Figure 4 illustrates the type of advanced false-alarm-avoiding FDD rule set to find the leaking hot water valve that was responsible for the trend graph shown in Figure 3.

Figure 4: Alarm Logic for Hot Water Valve

Figure 4: Alarm Logic for Hot Water Valve

Reliable Controls Data Storage and Handling

By definition, analytics involve the processing of data, which makes the storage and handling of data a key part of any analytics process. With its high bandwidth IP and ARC156 networks, distributed trending, and support for multiple industry standard databases, the WebCTRL system already provides a data friendly environment. Future releases of the WebCTRL system will include significant improvements in trend processing that will provide a 12x speed improvement in trend retrieval and a 120x improvement in trend storage. Whether this data is needed for a trend graph, a dashboard which summarizes data from the trend database, or an external analytics software package, the data will be there when it’s needed.
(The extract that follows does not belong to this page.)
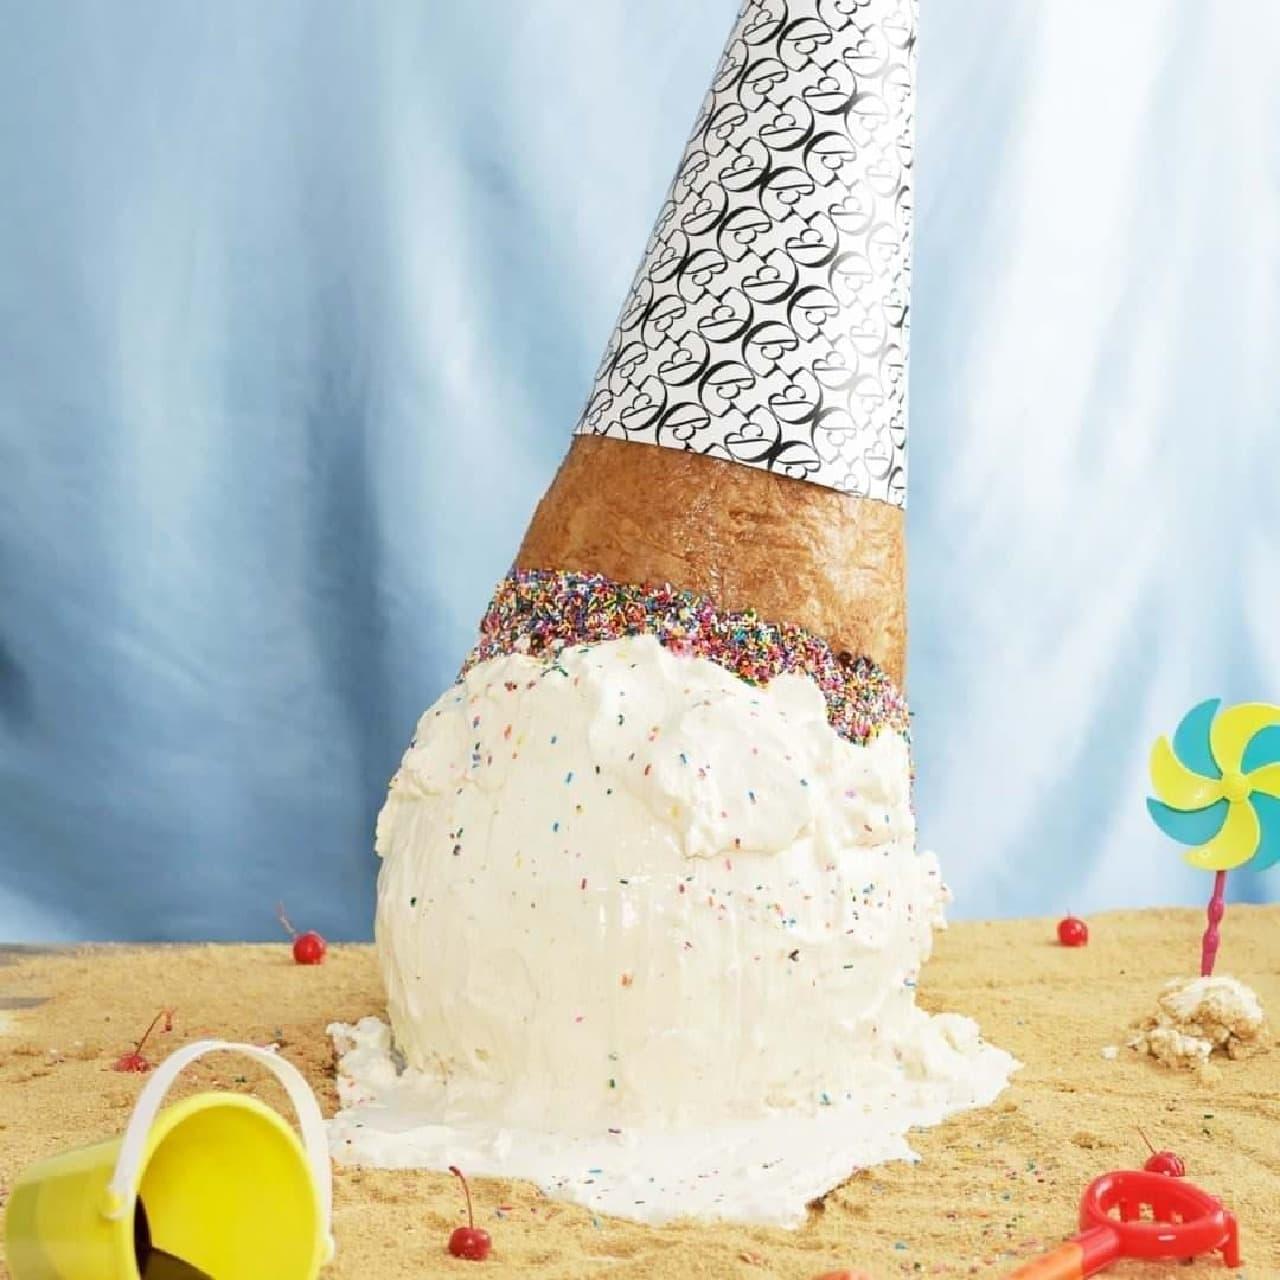 重さ11キロのアイスクリームデザート「しまった、アイス落としちゃった」

To summarize, the WebCTRL system is an analytics package. Its user-friendly graphics, extensive trend support, intrinsic FDD alarm capabilities and similar features provide the data visualization users need to guide their decision making. Existing add-on programs enhance this capability with graphic reports.  ALC continues to innovate for the future, with a focus on making data meaningful through industry leading user interfaces. The research and development team is working to bring even better intrinsic analytics to future releases of the WebCTRL system and to enhance the WebCTRL systems support for external analytics packages.  Download the full ALC whitepaper covering these topics here.

About the Author

Steve Tom, has more than 40 years of experience working with HVAC systems.  At Automated Logic he coordinated the training, documentation, and technical support programs, and frequently works with the R&D engineers on product requirements and usability.

Prior to joining Automated Logic, Steve was an officer in the U.S. Air Force where he worked on the design, construction, and operation of facilities (including HVAC systems) around the world.  He also taught graduate level courses in HVAC Design and HVAC Controls at the Air Force Institute of Technology.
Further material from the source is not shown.